--- TASK GOAL ---
Reproduce verbatim the lines of the material below, starting at the line with "05-druckidee-abt" and ending at the line with "gro z gig wechselschalter", both inclusive; skip the rest.

--- SUPPLIED RECORDS ---
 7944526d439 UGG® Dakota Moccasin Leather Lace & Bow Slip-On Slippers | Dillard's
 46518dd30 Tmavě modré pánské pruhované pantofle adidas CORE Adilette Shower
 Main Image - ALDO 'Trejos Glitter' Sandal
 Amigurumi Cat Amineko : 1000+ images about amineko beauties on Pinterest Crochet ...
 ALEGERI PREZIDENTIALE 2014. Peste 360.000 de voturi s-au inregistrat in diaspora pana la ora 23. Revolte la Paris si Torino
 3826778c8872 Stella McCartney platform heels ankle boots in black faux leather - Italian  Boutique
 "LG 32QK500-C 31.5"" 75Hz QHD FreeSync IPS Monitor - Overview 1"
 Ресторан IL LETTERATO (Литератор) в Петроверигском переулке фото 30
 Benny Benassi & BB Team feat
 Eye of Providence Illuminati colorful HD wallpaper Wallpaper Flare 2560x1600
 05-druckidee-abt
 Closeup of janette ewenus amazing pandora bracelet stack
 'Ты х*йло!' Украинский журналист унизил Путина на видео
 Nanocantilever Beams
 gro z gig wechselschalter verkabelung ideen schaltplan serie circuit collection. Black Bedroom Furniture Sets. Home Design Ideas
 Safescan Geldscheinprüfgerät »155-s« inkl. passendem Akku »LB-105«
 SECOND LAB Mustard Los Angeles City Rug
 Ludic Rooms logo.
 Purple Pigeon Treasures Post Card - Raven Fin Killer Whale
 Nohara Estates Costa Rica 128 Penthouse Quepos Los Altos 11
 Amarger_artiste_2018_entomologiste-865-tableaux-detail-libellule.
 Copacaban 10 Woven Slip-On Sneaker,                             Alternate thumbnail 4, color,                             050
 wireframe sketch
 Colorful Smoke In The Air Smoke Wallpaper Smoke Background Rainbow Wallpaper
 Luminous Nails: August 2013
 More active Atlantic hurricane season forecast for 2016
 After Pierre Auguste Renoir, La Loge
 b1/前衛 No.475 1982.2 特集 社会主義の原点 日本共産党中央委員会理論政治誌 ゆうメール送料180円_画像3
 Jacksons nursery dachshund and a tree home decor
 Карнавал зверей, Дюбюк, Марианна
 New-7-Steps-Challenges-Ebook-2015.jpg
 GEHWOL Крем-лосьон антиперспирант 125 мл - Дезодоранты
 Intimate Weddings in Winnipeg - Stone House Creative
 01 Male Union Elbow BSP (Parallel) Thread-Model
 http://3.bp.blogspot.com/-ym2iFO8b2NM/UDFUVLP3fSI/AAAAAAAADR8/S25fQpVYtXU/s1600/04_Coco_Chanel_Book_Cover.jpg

--- EXERCISE SOLUTION ---
 05-druckidee-abt
 Closeup of janette ewenus amazing pandora bracelet stack
 'Ты х*йло!' Украинский журналист унизил Путина на видео
 Nanocantilever Beams
 gro z gig wechselschalter verkabelung ideen schaltplan serie circuit collection. Black Bedroom Furniture Sets. Home Design Ideas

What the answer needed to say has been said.